--- Information ---
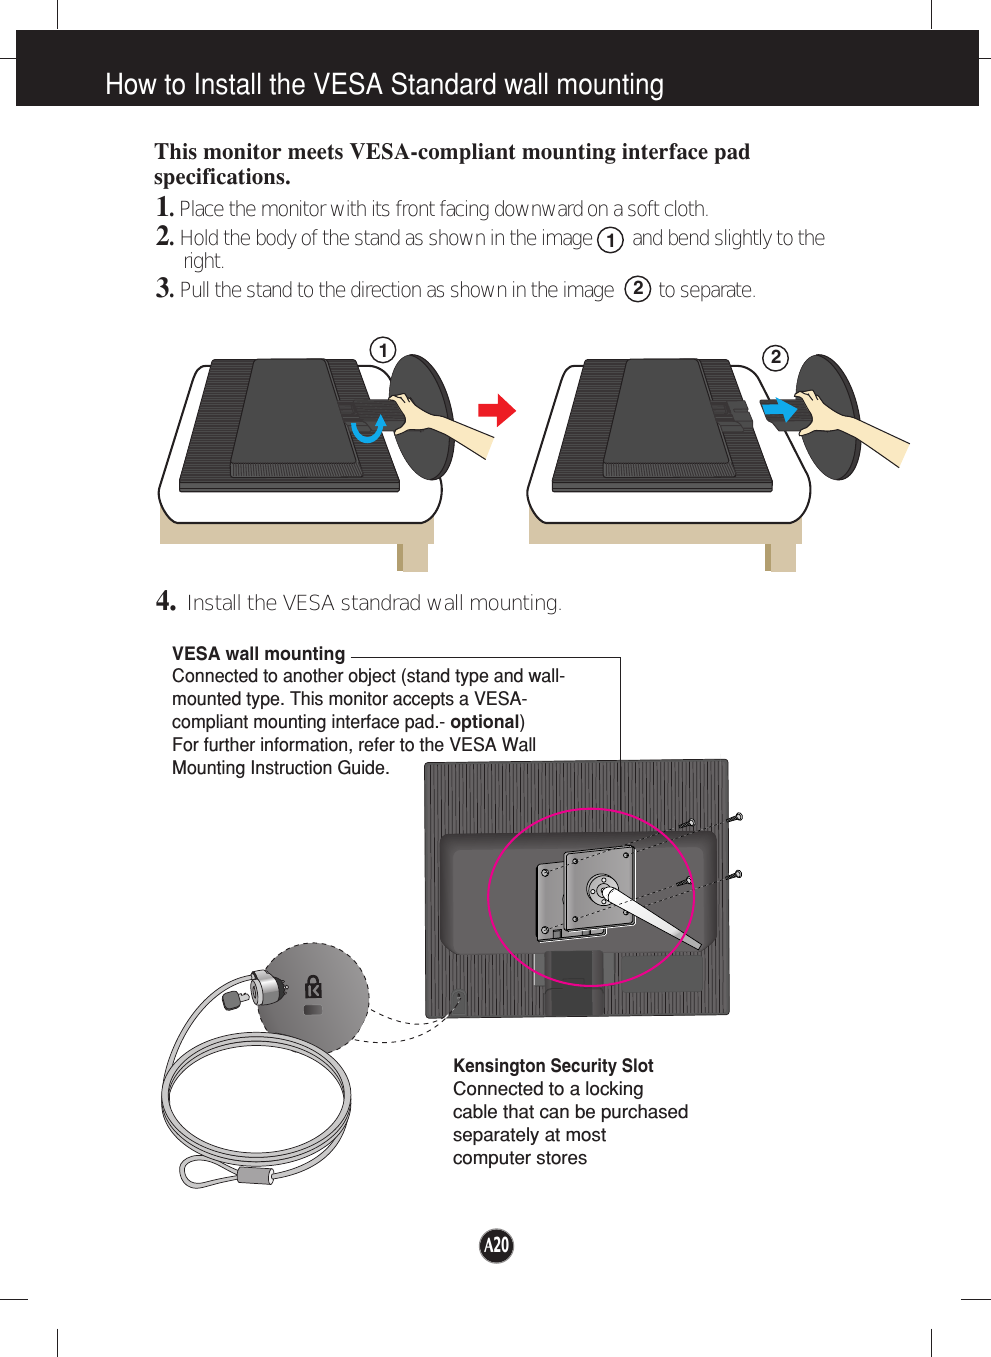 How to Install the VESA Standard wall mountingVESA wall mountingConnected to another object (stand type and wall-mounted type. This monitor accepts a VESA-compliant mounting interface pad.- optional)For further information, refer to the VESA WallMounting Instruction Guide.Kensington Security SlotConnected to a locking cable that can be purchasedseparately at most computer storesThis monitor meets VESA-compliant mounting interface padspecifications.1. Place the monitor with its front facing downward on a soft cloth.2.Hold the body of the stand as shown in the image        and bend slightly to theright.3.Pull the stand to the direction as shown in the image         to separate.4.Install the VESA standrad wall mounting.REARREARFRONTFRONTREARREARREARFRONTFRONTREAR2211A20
---
--- Information ---
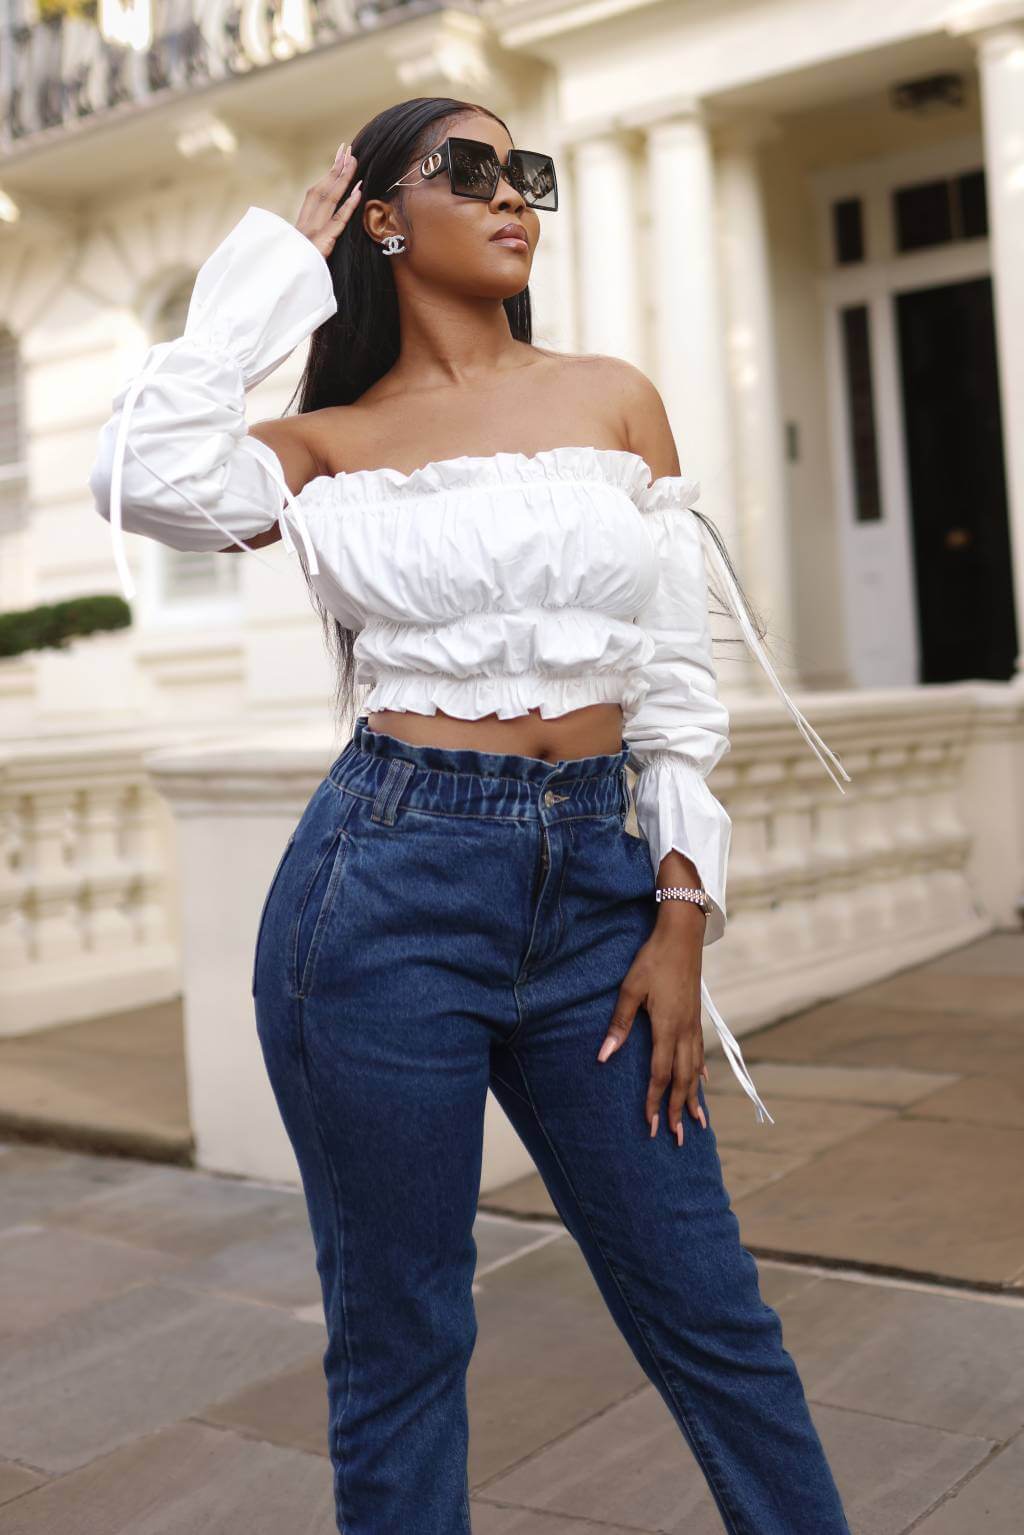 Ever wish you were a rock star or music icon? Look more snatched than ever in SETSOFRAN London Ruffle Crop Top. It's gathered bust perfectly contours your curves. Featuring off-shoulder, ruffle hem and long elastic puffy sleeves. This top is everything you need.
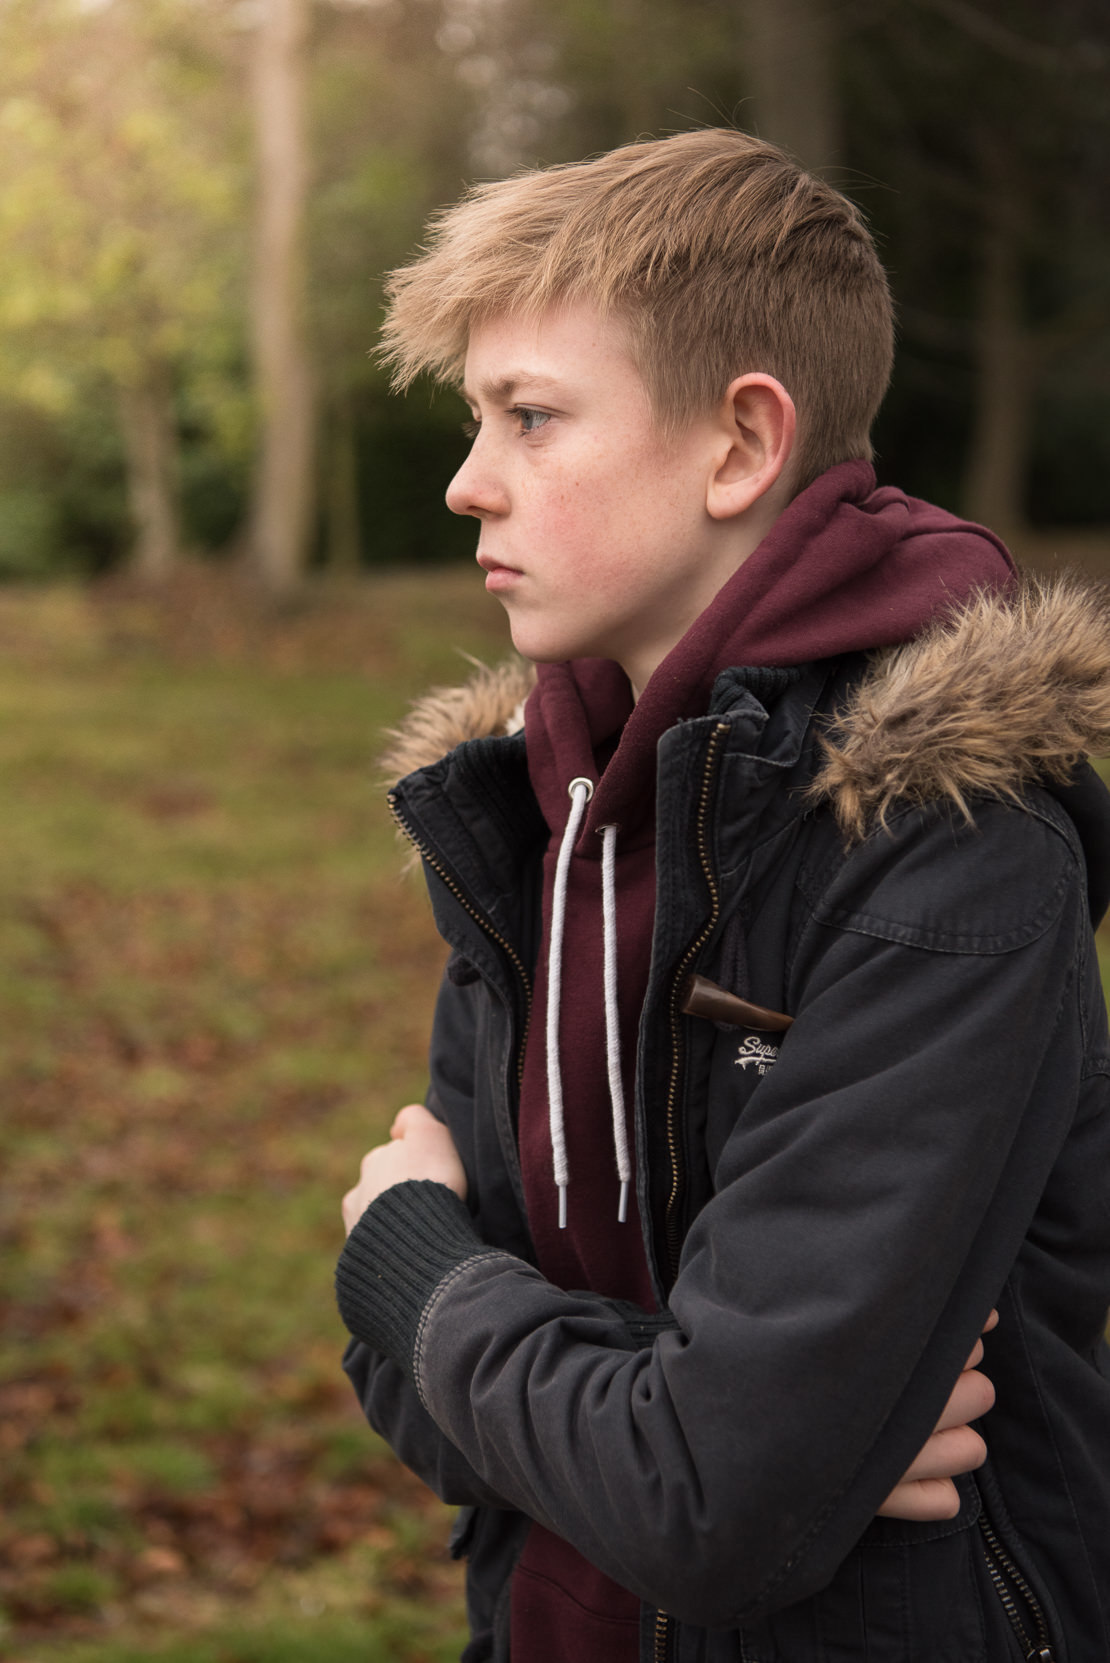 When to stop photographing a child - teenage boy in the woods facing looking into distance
---
--- Information ---
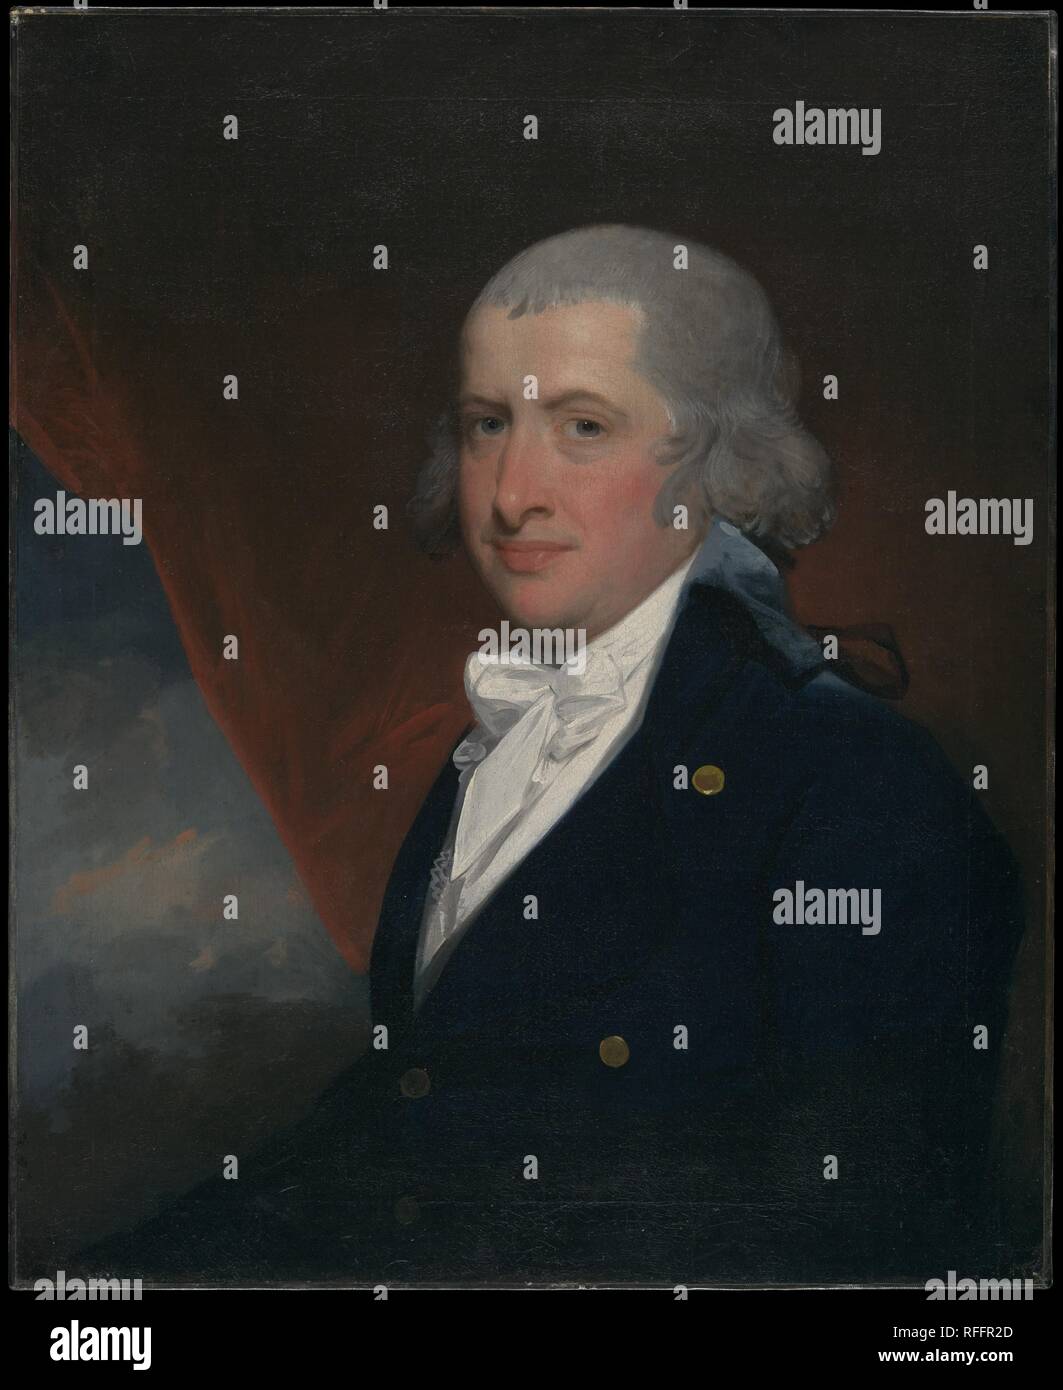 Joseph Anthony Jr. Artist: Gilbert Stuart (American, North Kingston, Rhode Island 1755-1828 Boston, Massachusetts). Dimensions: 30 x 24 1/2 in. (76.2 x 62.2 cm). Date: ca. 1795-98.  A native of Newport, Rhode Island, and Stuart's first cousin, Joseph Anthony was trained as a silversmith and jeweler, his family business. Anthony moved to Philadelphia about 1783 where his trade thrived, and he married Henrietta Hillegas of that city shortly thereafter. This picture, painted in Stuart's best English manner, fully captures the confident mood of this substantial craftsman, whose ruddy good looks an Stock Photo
---
▶ _What the exercise asks_
Both boundary lines included, write out word for word only the lines above from the one containing "Ever wish you" to the one containing "When to stop", leaving out any pictures.

▶ _Exercise response_
 Ever wish you were a rock star or music icon? Look more snatched than ever in SETSOFRAN London Ruffle Crop Top. It's gathered bust perfectly contours your curves. Featuring off-shoulder, ruffle hem and long elastic puffy sleeves. This top is everything you need.
 When to stop photographing a child - teenage boy in the woods facing looking into distance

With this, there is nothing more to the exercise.